Keith Rowland (born 1 September 1971) is a Northern Irish football manager and former footballer.

As a player, he was a defender who notably played in the Premier League for Coventry City and West Ham United. He also played in the Football League for AFC Bournemouth, Queens Park Rangers, Luton Town, Chesterfield and Barnet, as well as with non-league sides Hornchurch, Redbridge and Welling United. He also represented Northern Ireland, winning 19 caps.

Since retirement, Rowland has worked as a manager and coach within non-league football. He has managed Wingate & Finchley and Aveley, having previously been on the coaching staff at Braintree Town.

==Club career==
Rowland was signed by AFC Bournemouth manager Harry Redknapp, making his league debut appearance against Darlington on 17 August 1991. He had two loan spells away from The Cherries at Farnborough Town and at Coventry City where he made two substitute appearances.
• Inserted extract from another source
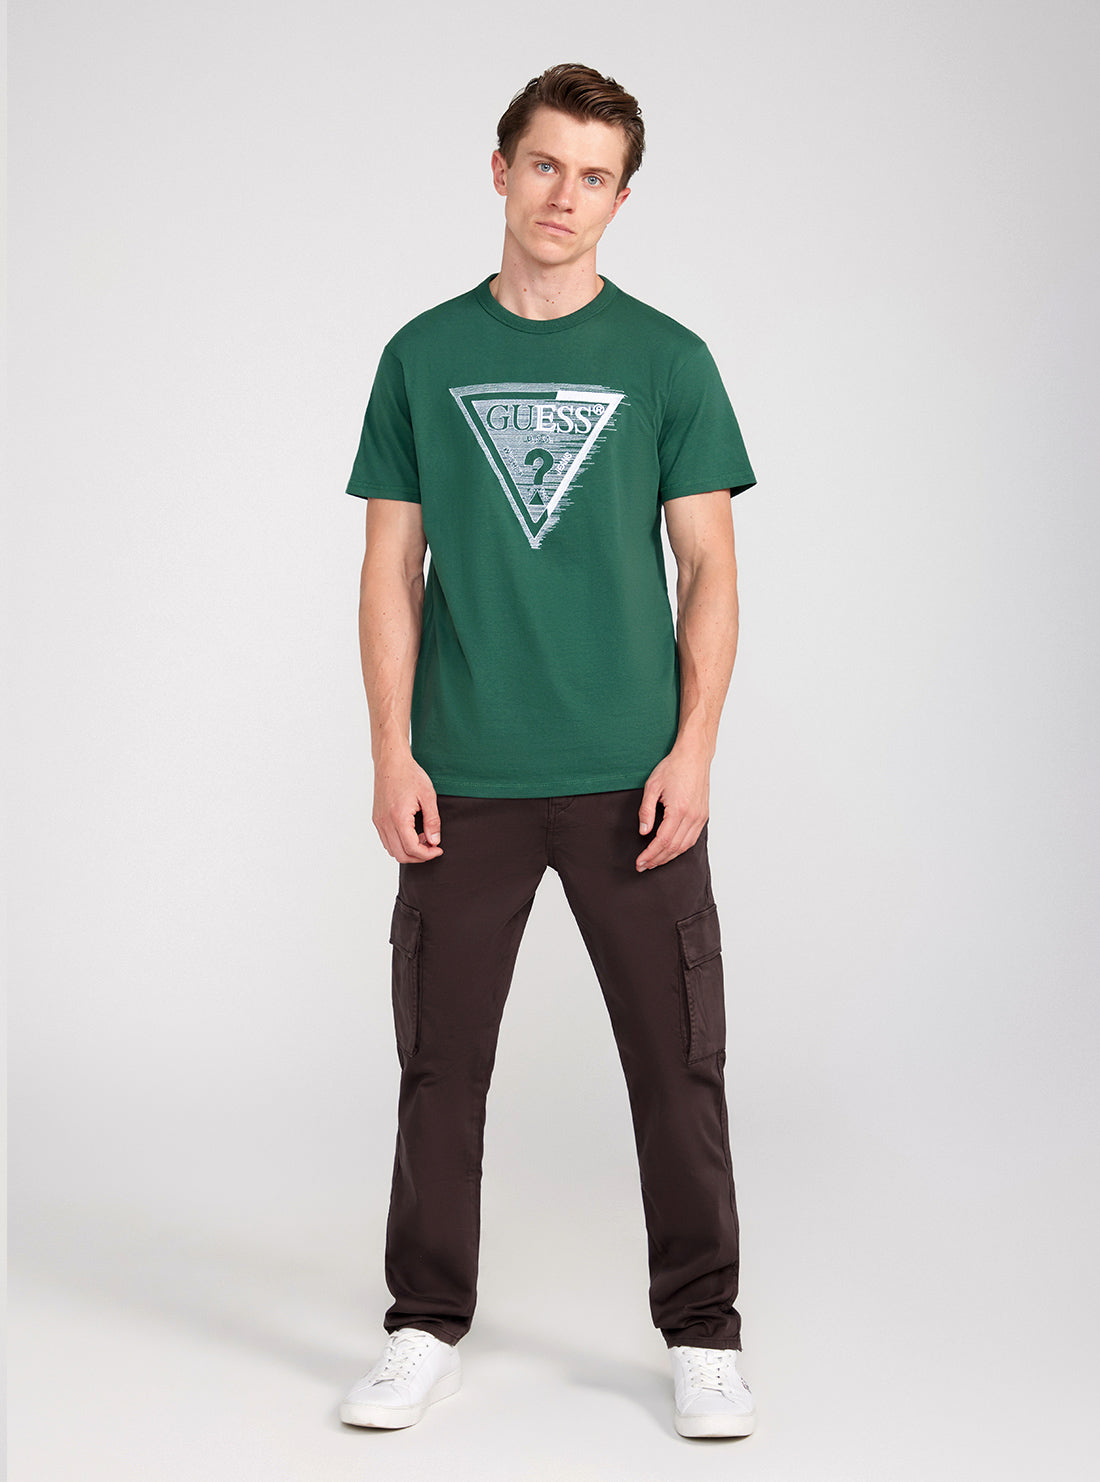 GUESS Green Short Sleeve Shaded Triangle T-Shirt full view
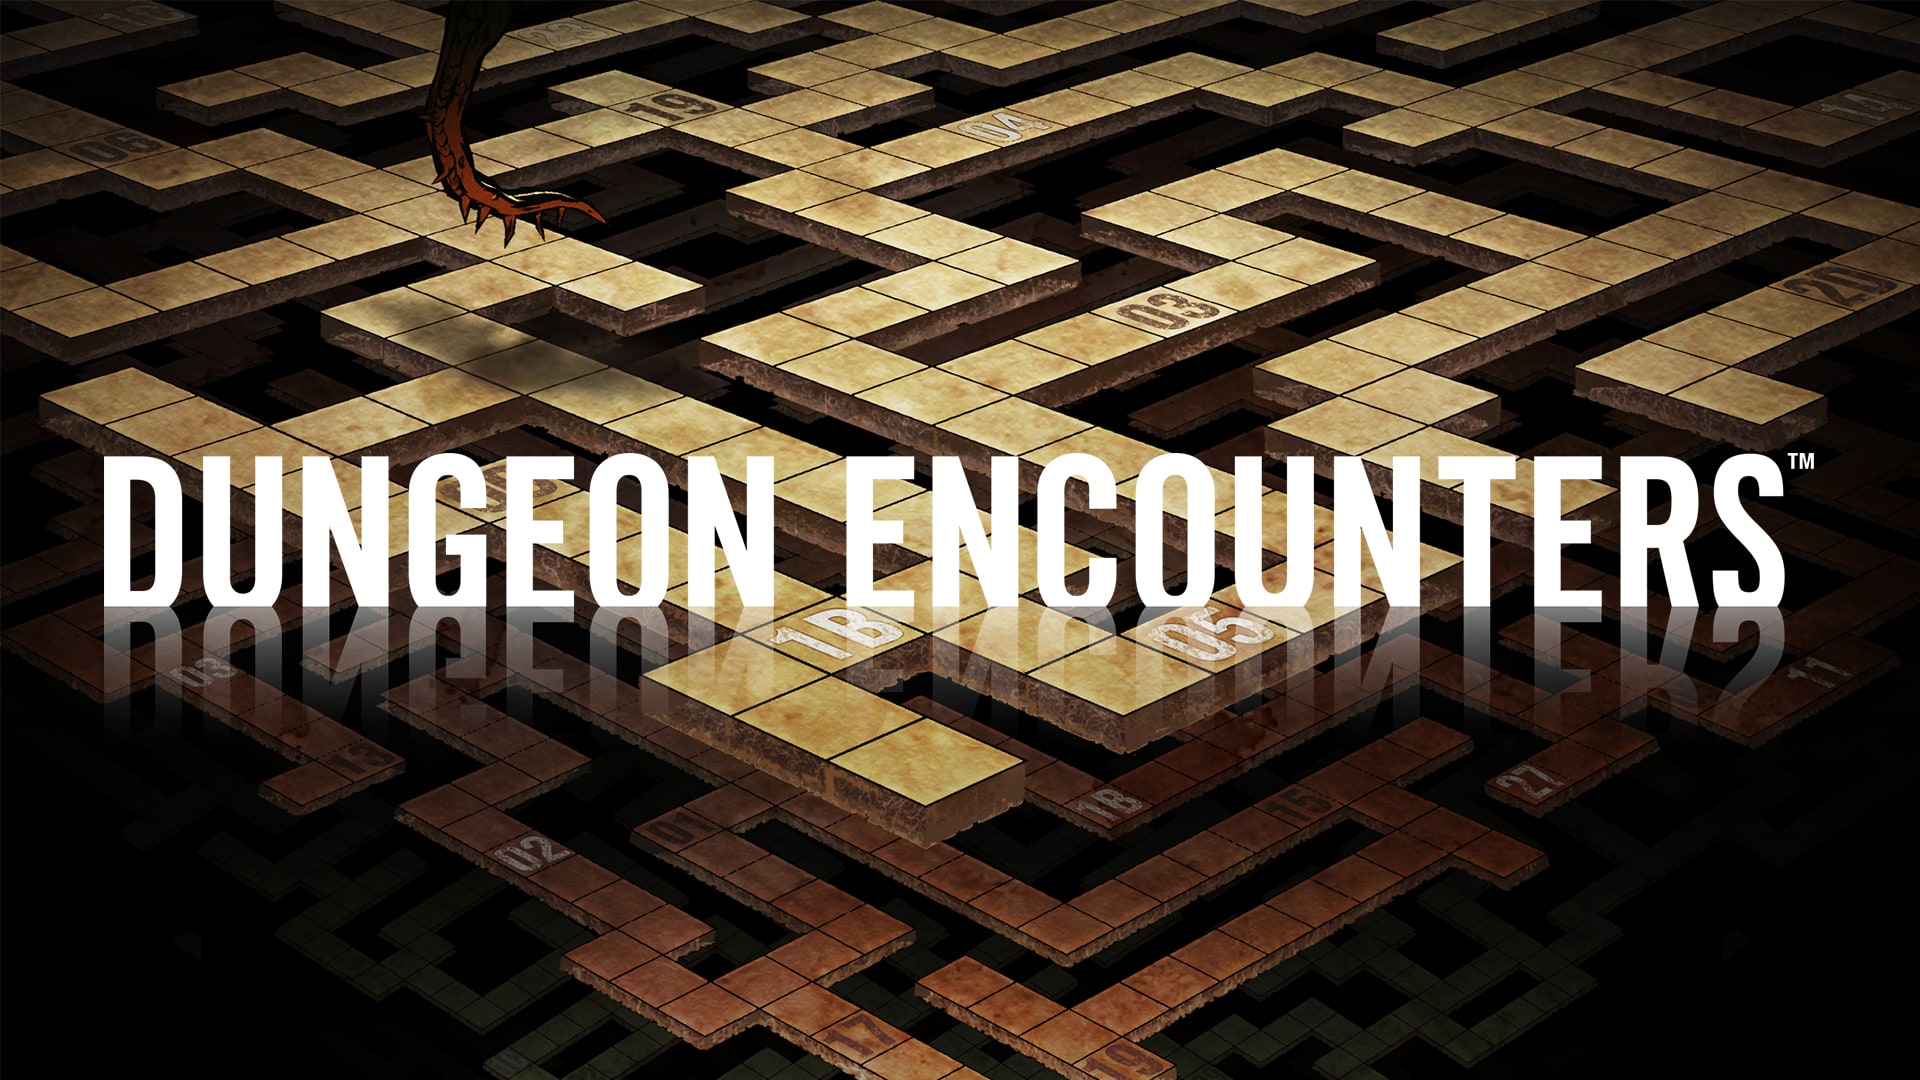 DUNGEON ENCOUNTERS

In the summer of 1993, with Redknapp now assistant manager to Billy Bonds at West Ham, Rowland, was signed for £110,000 alongside midfielder Paul Mitchell. Rowland played 91 games in all competitions for West Ham, scoring only one goal, in a 1–1 away draw against Newcastle United in November 1996. He found his first team opportunities limited in his time at West Ham due to injury and the form of first team regulars Julian Dicks and David Burrows.

In January 1998 Rowland moved to Queens Park Rangers (QPR) along with Iain Dowie as part of the deal which saw Trevor Sinclair move to Upton Park. Rowland made his QPR debut in January 1998 against Stockport County and went on to make 56 league appearances, scoring three goals.

He stayed at the QPR until August 2001, which included a period on loan, at Luton Town, before moving to Chesterfield on a free transfer.

He made only 12 appearances for Chesterfield before signing for Barnet in March 2003. The summer of 2003 saw Rowland's final Football League appearance before he made his move into non-League football.

==International career==
Rowland gained 19 caps for Northern Ireland scoring one goal in a 1–0 win against Finland on 10 October 1998. He was first capped whilst with West Ham making his international debut on 8 September 1993 against Latvia. His final game came on 9 May 1999 in a 1–0 win against Ireland.

==Coaching career==
After coaching at Aveley, Rowland followed manager Rod Stringer to Braintree Town in May 2010 where he was first-team coach. After managerial contract negotiations failed, he left the club with Stringer in May 2011. On 14 June 2011, Rowland returned to Braintree as Assistant Manager to Alan Devonshire. In January 2016, Rowland was appointed manager of Wingate & Finchley. During Rowland's time at the club, Wingate recorded two record high finishes in the Isthmian League Premier Division. On 29 August 2019, Rowland returned to Aveley as manager. He left Aveley in November 2021. He was appointed Tilbury manager on 16 November 2021. Rowland left by mutual agreement on 19 February 2022.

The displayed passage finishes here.